Until recently, data science was a mostly academic pursuit and the subject of papers rather than practice. Over time, data science became an applied science with data scientists being paired with data engineers to develop production systems. We are now entering a new phase where much of the work being performed by data scientists (hyperparameter optimization, algorithm selection, etc.) is becoming automated.

The rise of APIs
Not surprisingly but somewhat ironically, in this age of automation, the question has arisen as to whether human beings will be part of the process of analyzing and uncovering data or if machines will be carrying that task out themselves.

In fact, the very work that data scientists have been called on to develop is today helping to replace them. Automation is removing the need for developers to be paired with traditional data scientists. The vehicle that is accelerating this transition is the API or Application Programming Interface, the mechanism by which different software platforms talk to each other.

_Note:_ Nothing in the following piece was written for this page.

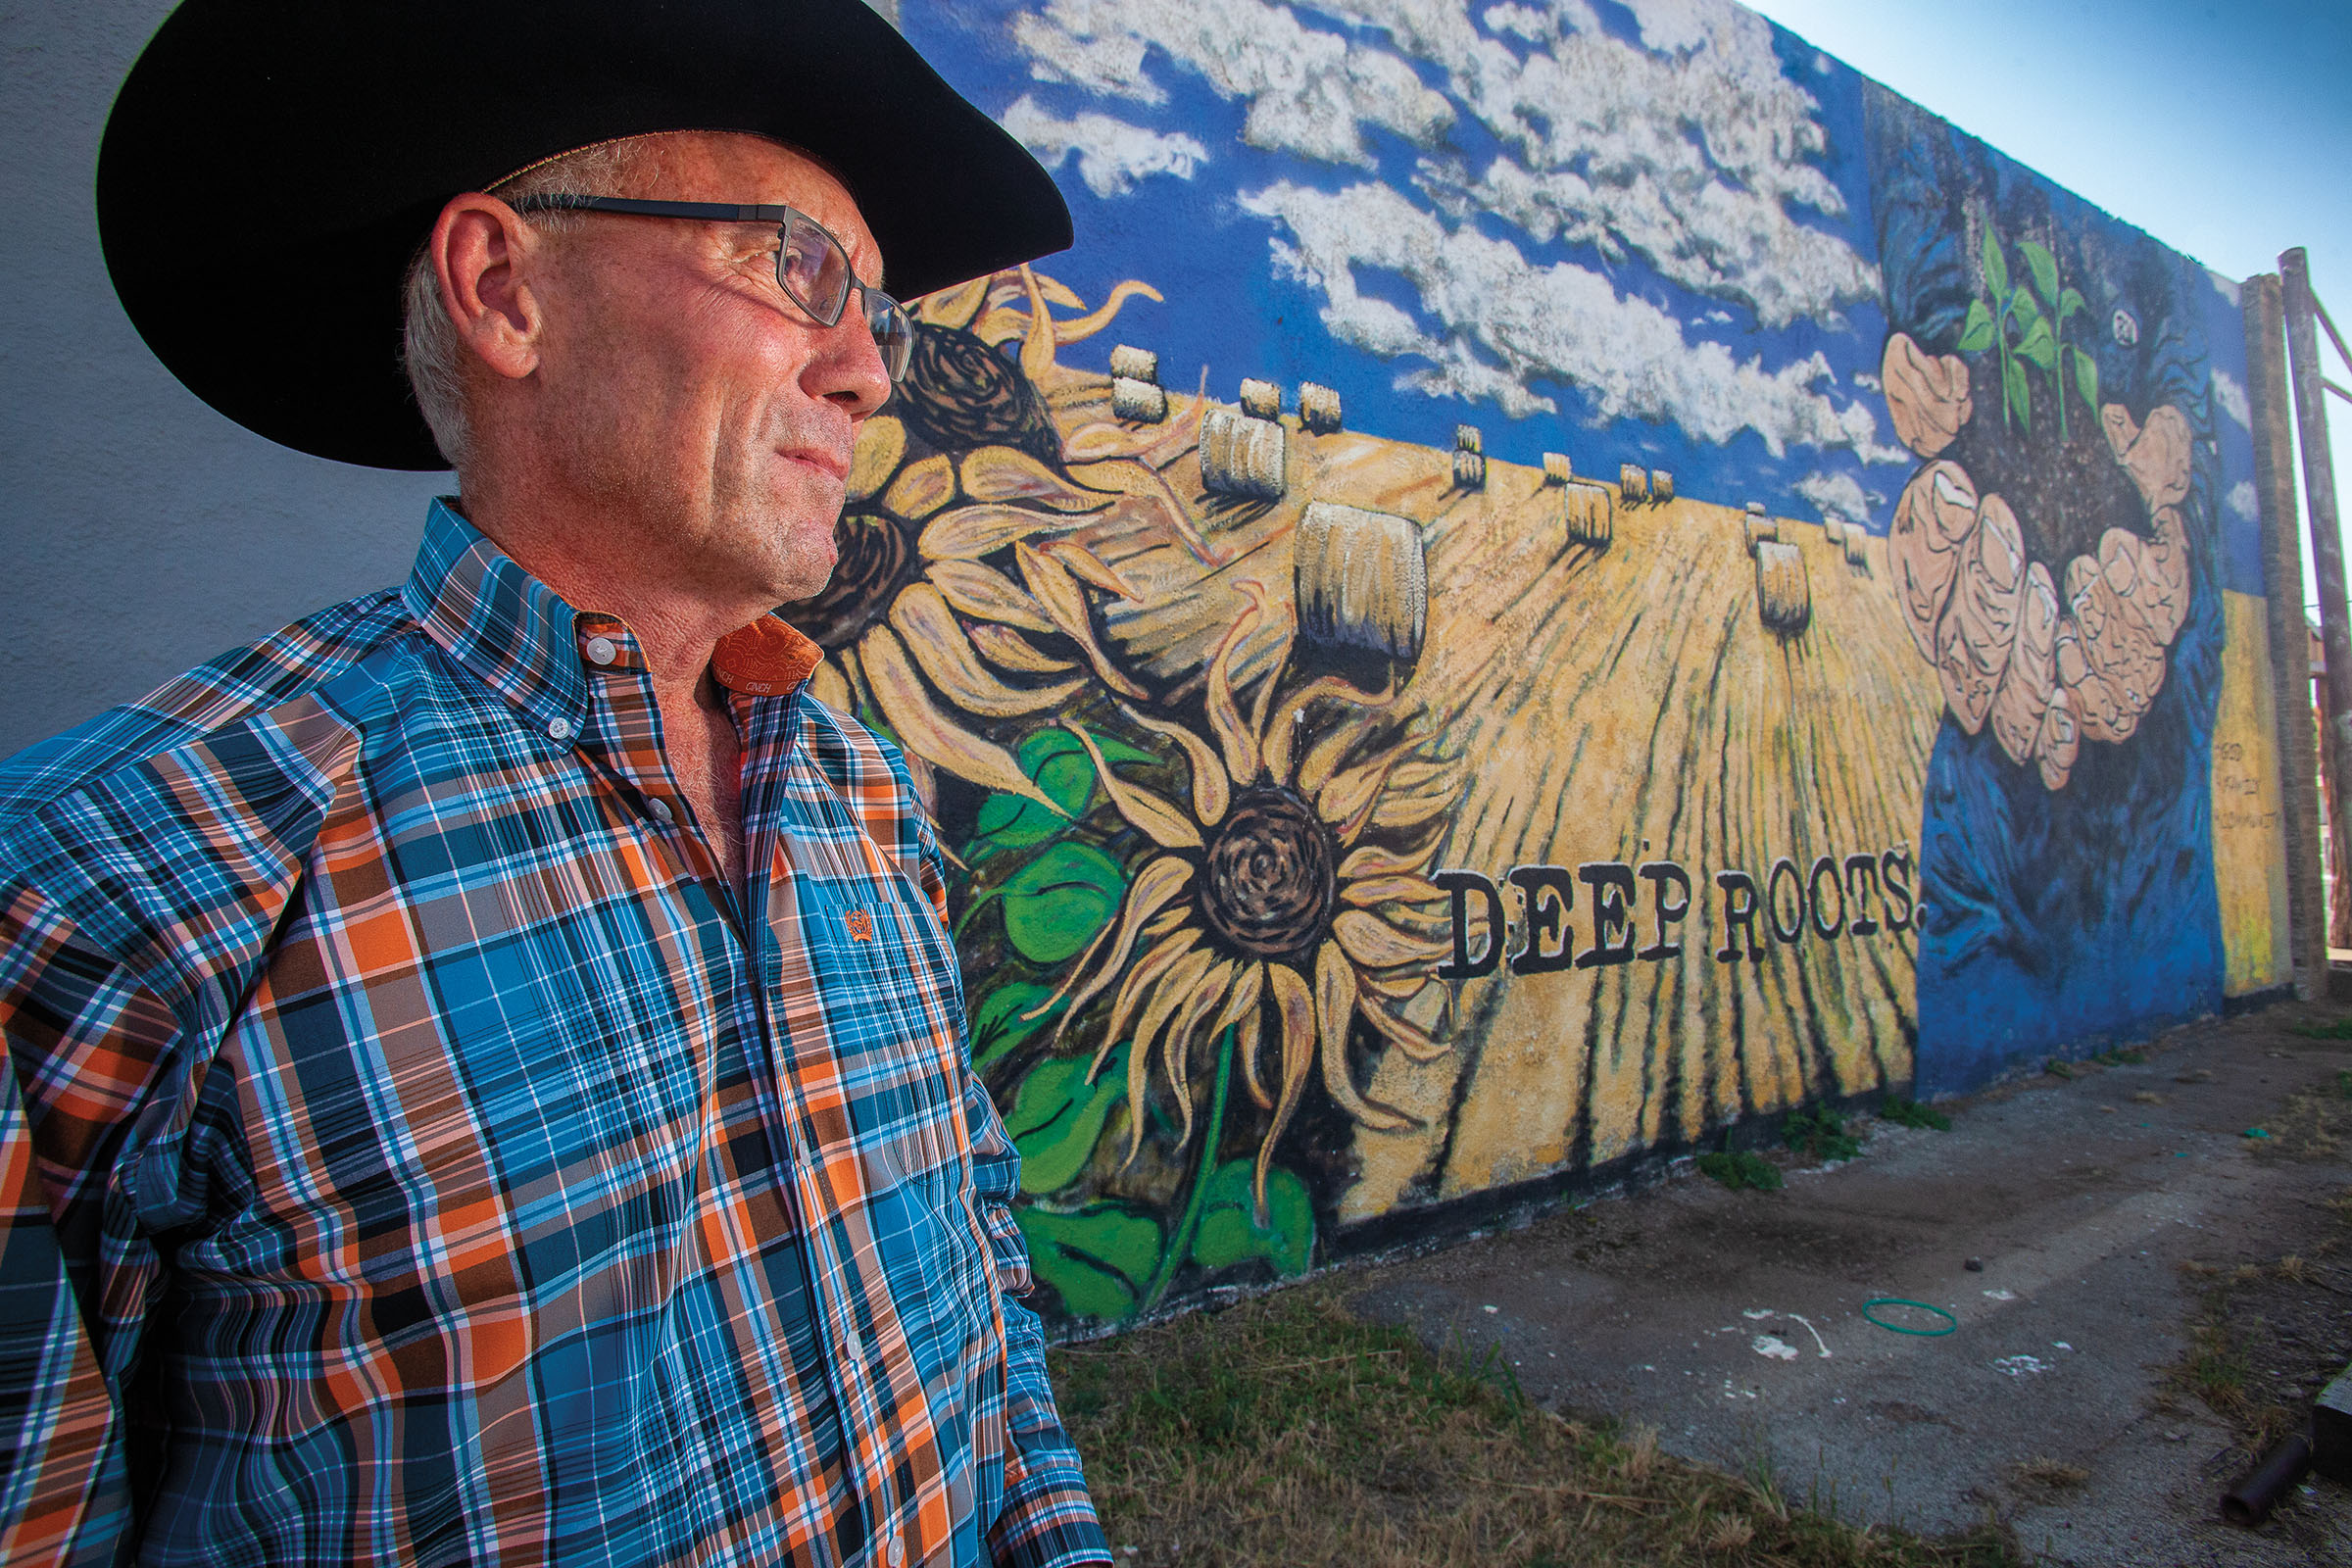 A picture of a man in a black cowboy hat standing in front of a mural of painted sunflowers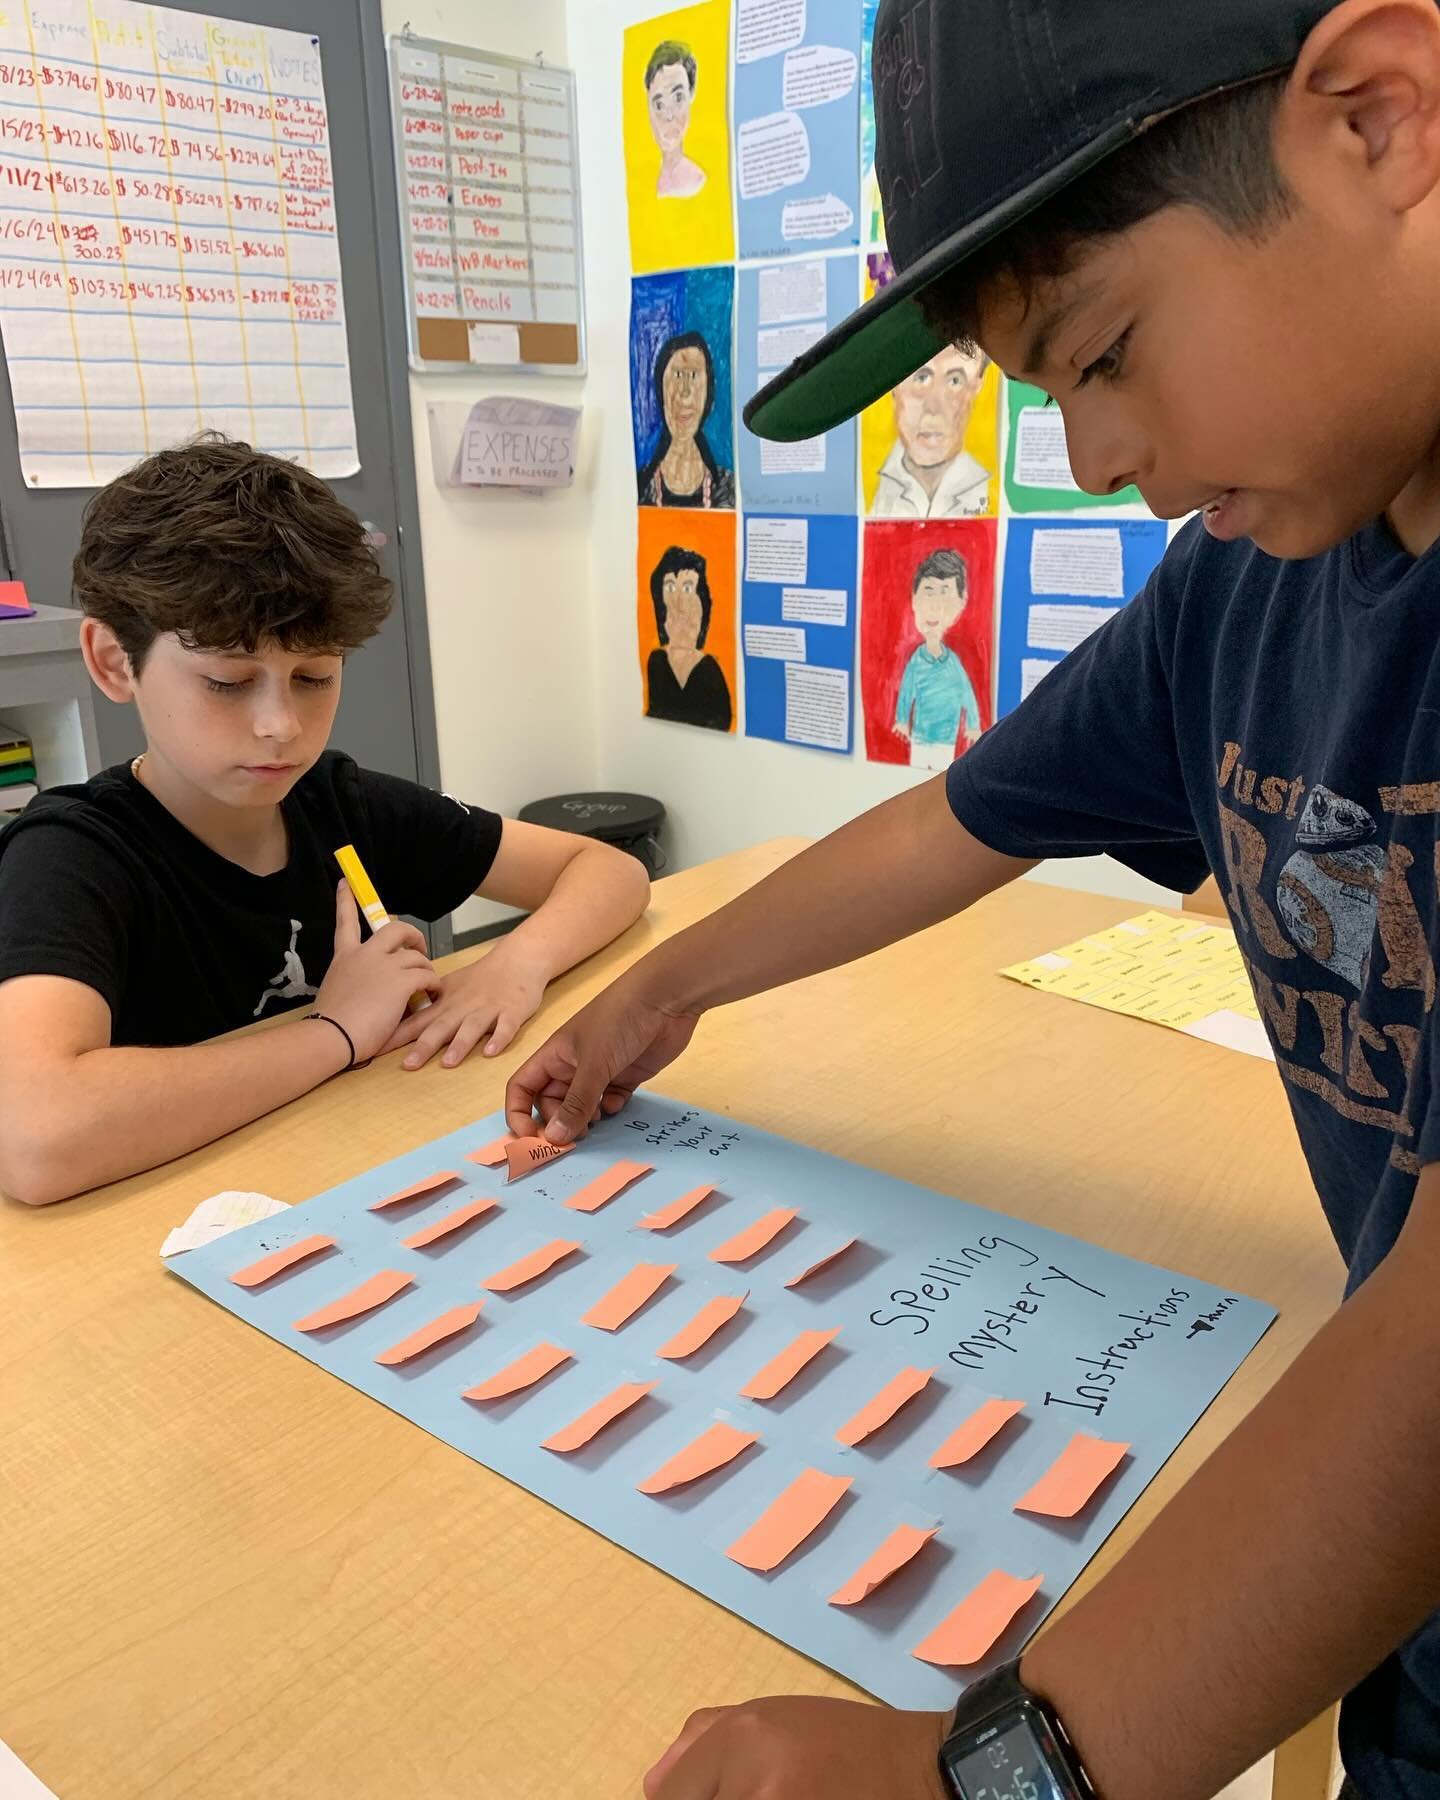 Group Fivers created their own spelling games and played them this week. The children made match games, board games, spelling charades, memory games, and even &ldquo;Spelling Knockout.&rdquo;

8 top open-source community and data tools
The value of embedding data virtualization

So far, a number of companies have launched automated machine learning APIs that succeed in presenting data science as an API offering, for example, AWS Sagemaker and Google Cloud AutoML.

Melvin Greer, chief data scientist for the Americas at Intel, has observed that data scientists spend about 85% of their time doing prep work.  Solutions like AWS Sagemaker or Google AutoML, radically change the role of the data scientist by taking on the heavy lifting required to build, train, and deploy machine learning (ML) models quickly, making these capabilities simpler and allowing developers with limited machine learning expertise to implement high-quality models specific to their company’s business needs.

The role of humans
For the last few years, we have been reading news stories about the data scientist shortage. In reality, those headlines might be overblown. While it’s true that there’s a great demand for this talent, and students are actively pursuing this field in the hopes of capitalizing on a lucrative career, as APIs increasingly get more sophisticated, fewer businesses will need to rely on (and want to pay for) the traditional (and expensive) data scientist skillset.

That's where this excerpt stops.